Jeff’s Ongoing Fugue of Pain: An Autobiography

Jeffs Ongoing Fugue of Pain

A History of My Life

By Jeff Somers

 

 

PART ONE: in which I eat dogs and become acquainted with Jesuit cruelty.

 

Where to start? I was born in Jersey City, New Jersey to an Irish-German family of thirteen: six brothers, five sisters, two parents. Only four survived the great bratwurst famine of 1974, two of them being my parents, who mourned the deaths of my siblings by dumping the surviving kids in private school and taking a cruise around the world.
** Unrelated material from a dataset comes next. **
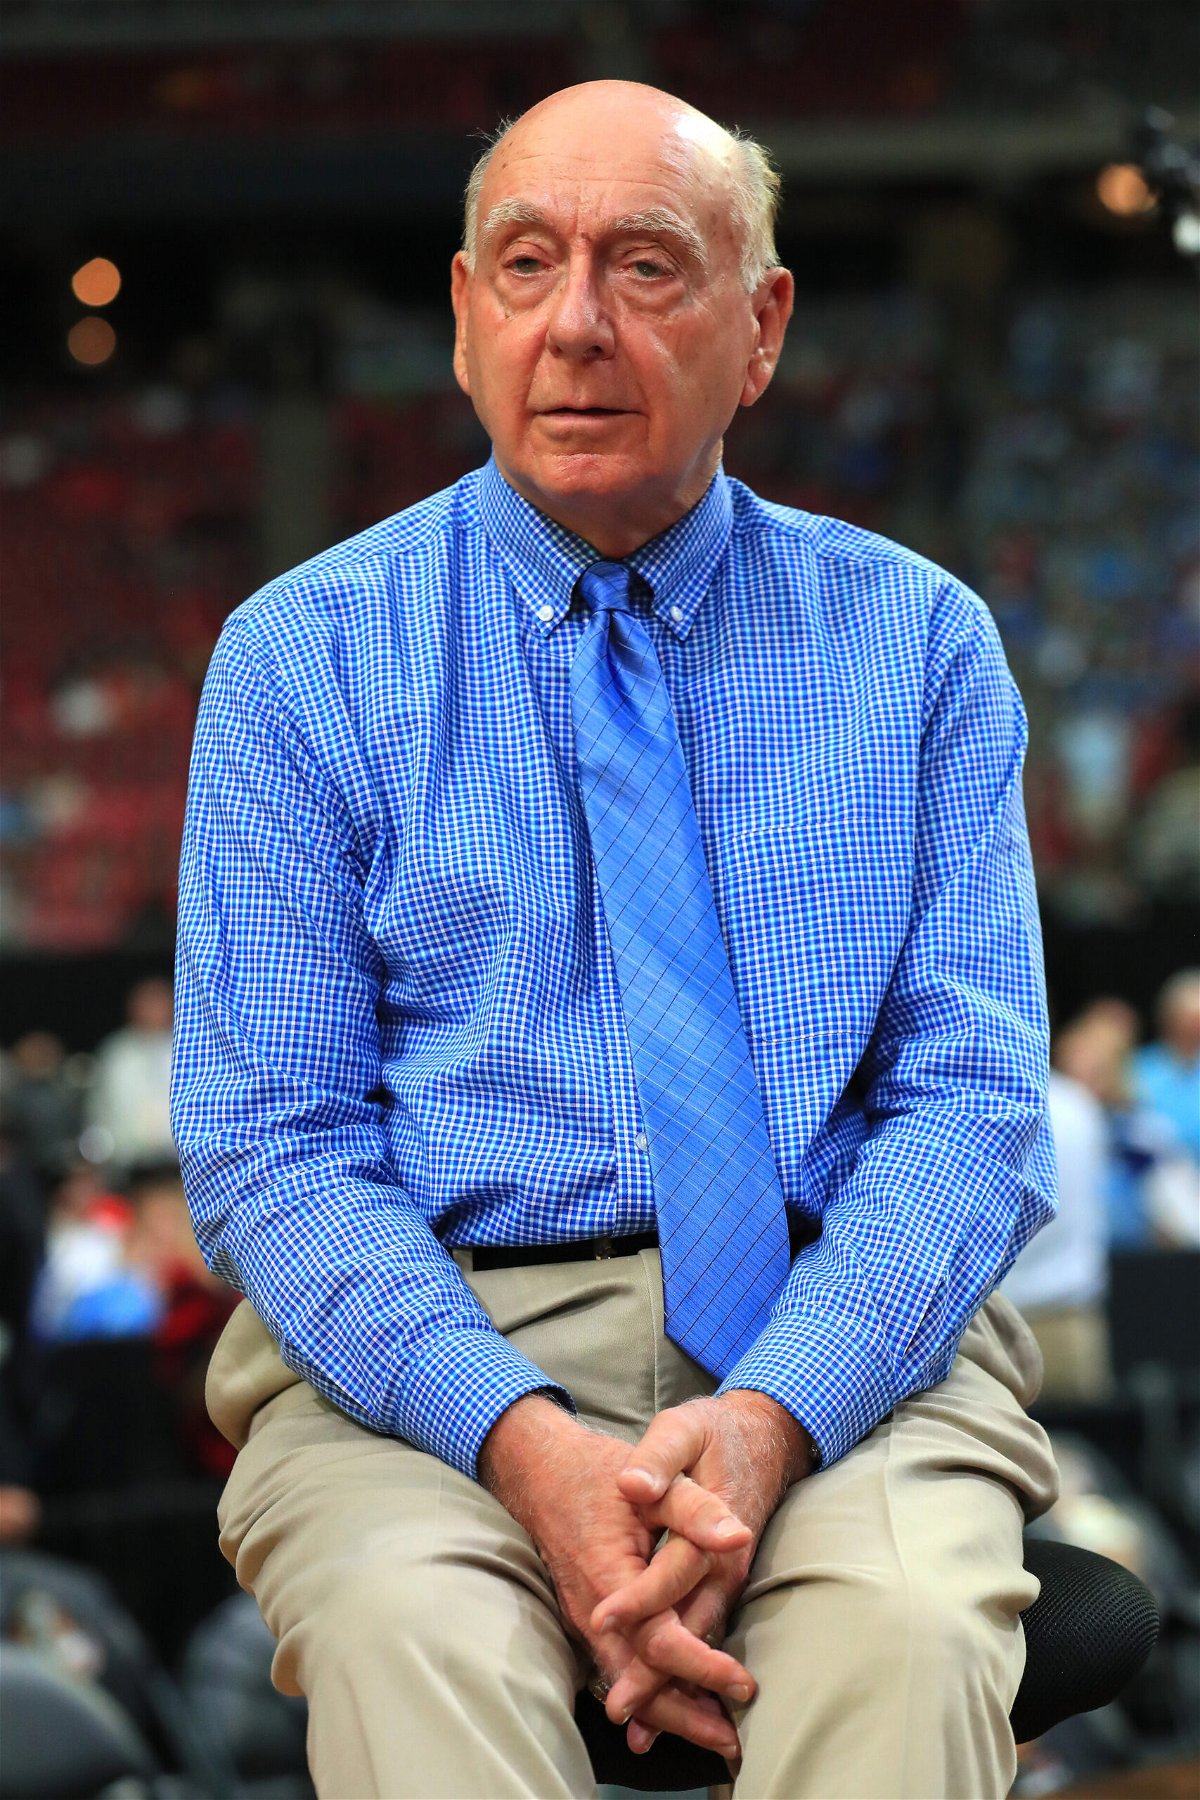 <i>Tom Pennington/Getty Images/FILE</i><br/>Famed basketball announcer Dick Vitale has lymphoma and will undergo six months of chemotherapy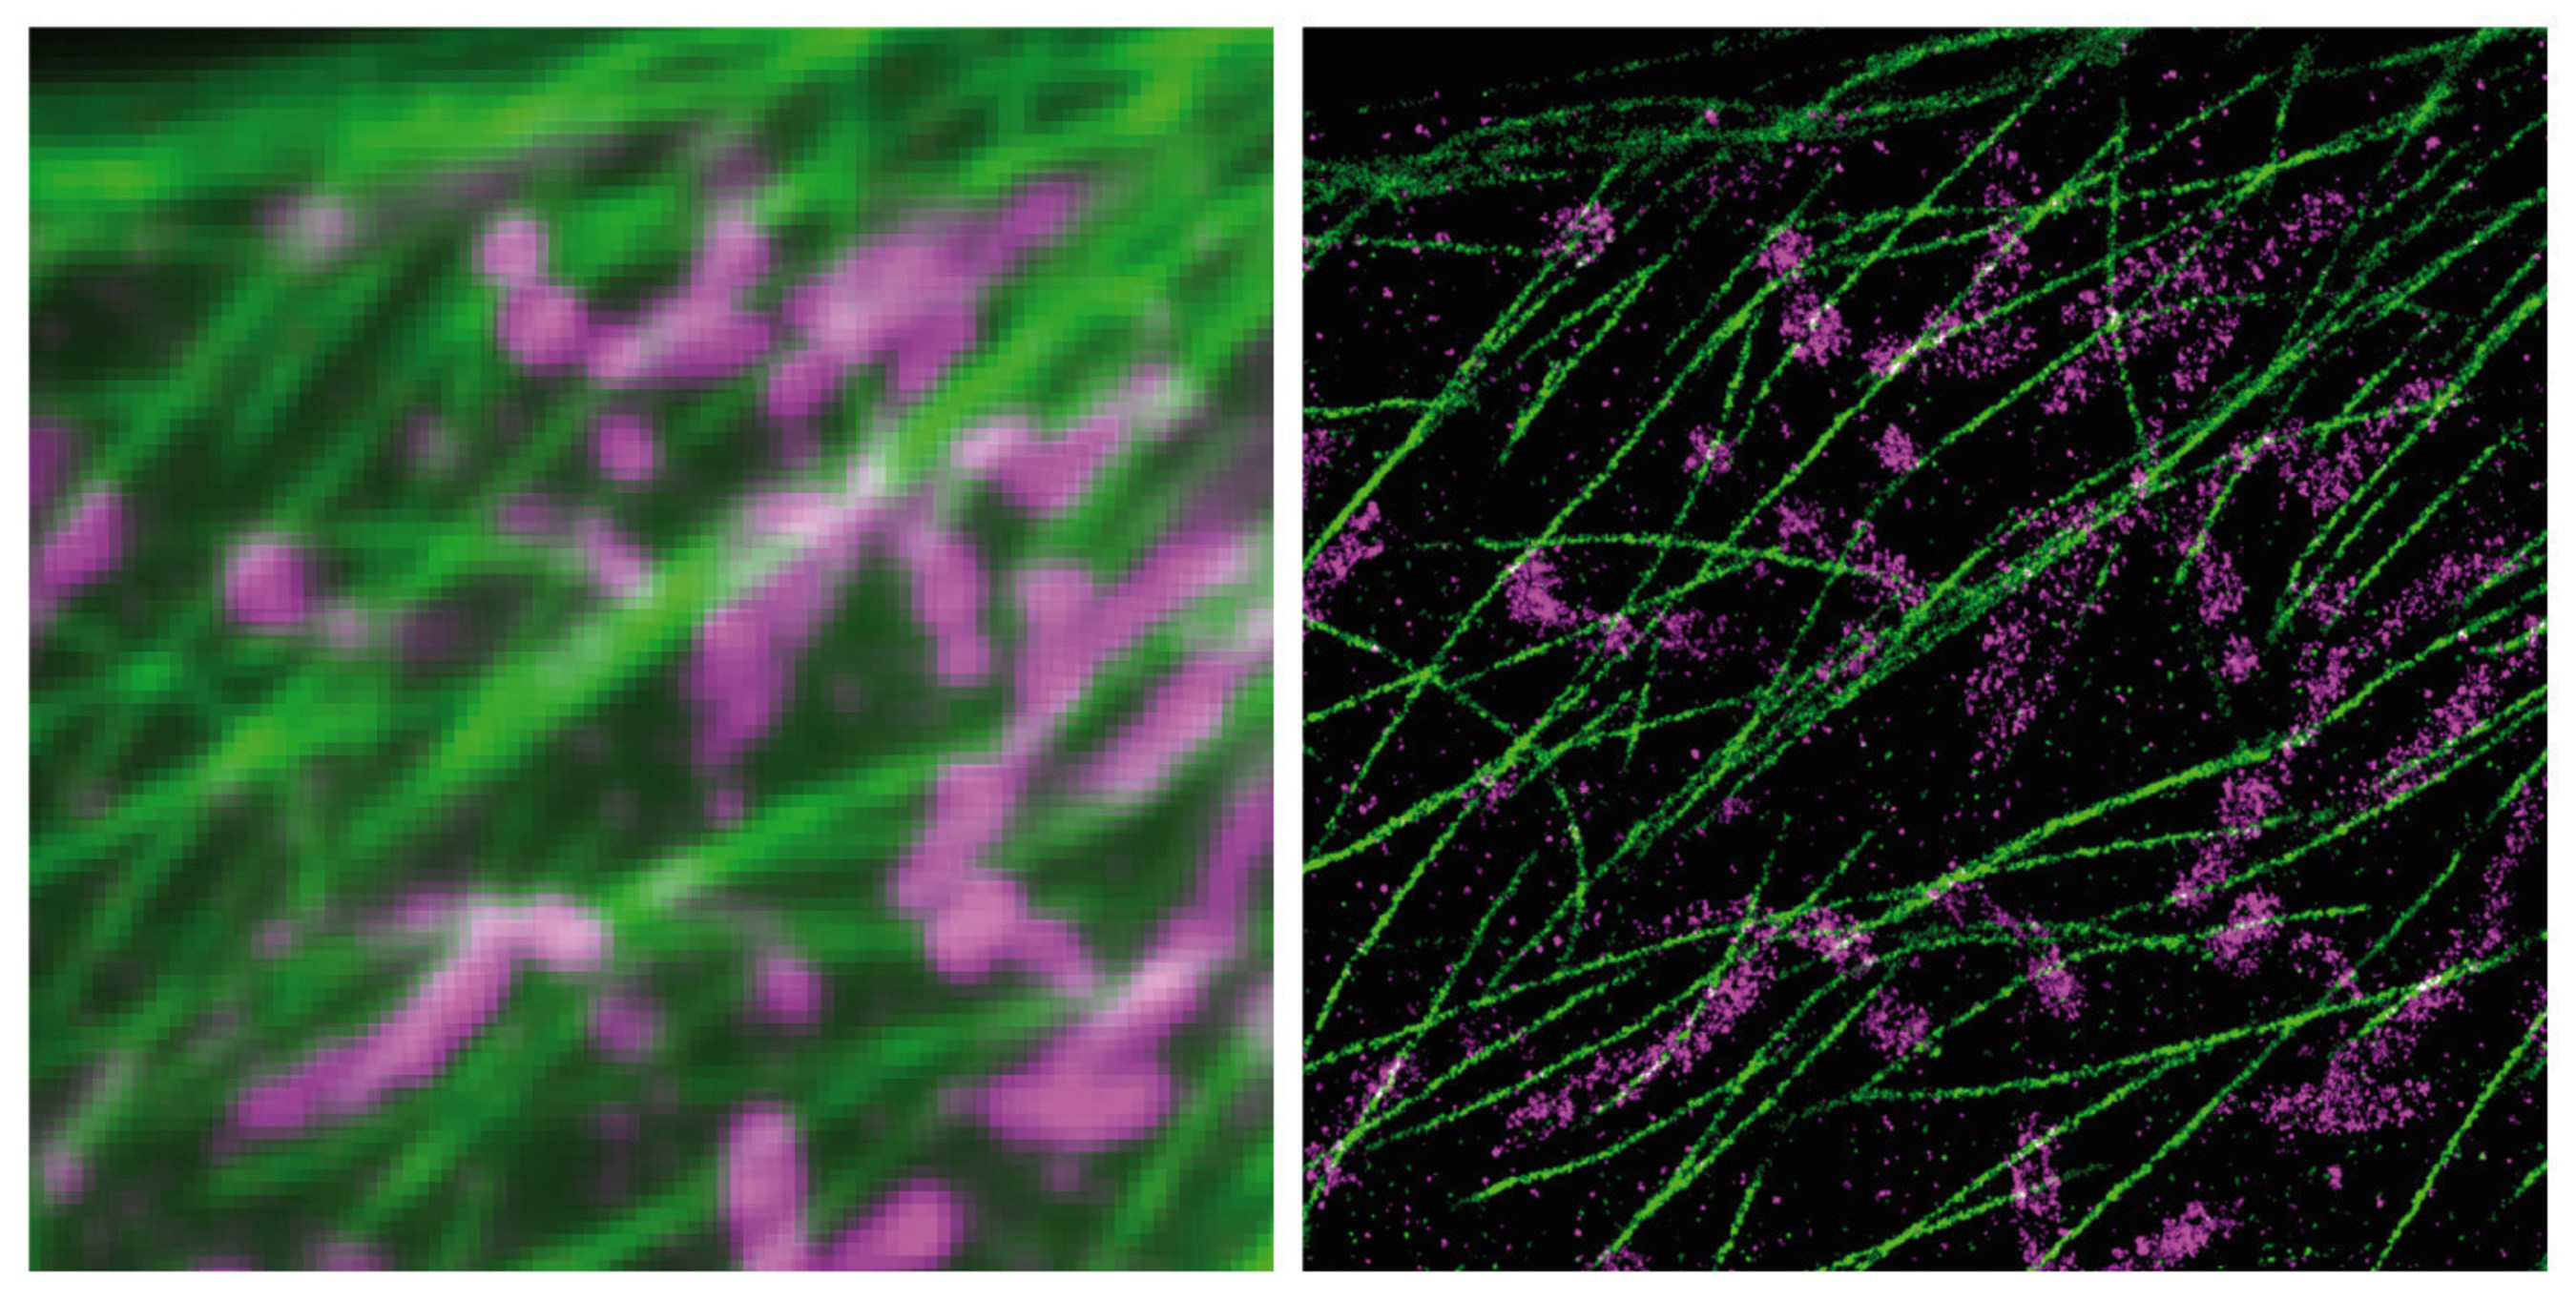 DNA-PAINT and Exchange-PAINT technologes (right image) dramatically improve the limited resolution abilities of single-molecule microscopes (left image).  Shown are structures of thin microtubule fibers (green) that build a skeleton within cells and mitochondria (magenta) as the cell's biochemical powerhouses both turned from blurry into super-sharp molecular images. Credit: Wyss Institute at Harvard University.

In private school my brother Yan and I learned to sing songs from The Sound of Music and tap dance, skills which have saved my life on more than one occasion. After the cruise, my parents went on an extended tour of Europe, from which they have yet to return.

As a result, Yan and I returned from the 1981 semester at school to find the house abandoned. A pack of wild, rabid dogs had broken through the screen door on the back porch and made it their home, and my poor brother Yan was mauled quite badly before I could Tap the dogs to death. I set about nursing Yan and scavenging our ancestral home for foodstuffs and potable water. It was, after all, a long summer. We survived it by eating carefully salted dog meat and drinking rainwater which had so much lead in it I went temporarily color blind in August. When Yan had regained enough of his strength, we set about repairing our ancestral home and plundering my father’s abandoned stocks of pornography. The summer passed quickly, then.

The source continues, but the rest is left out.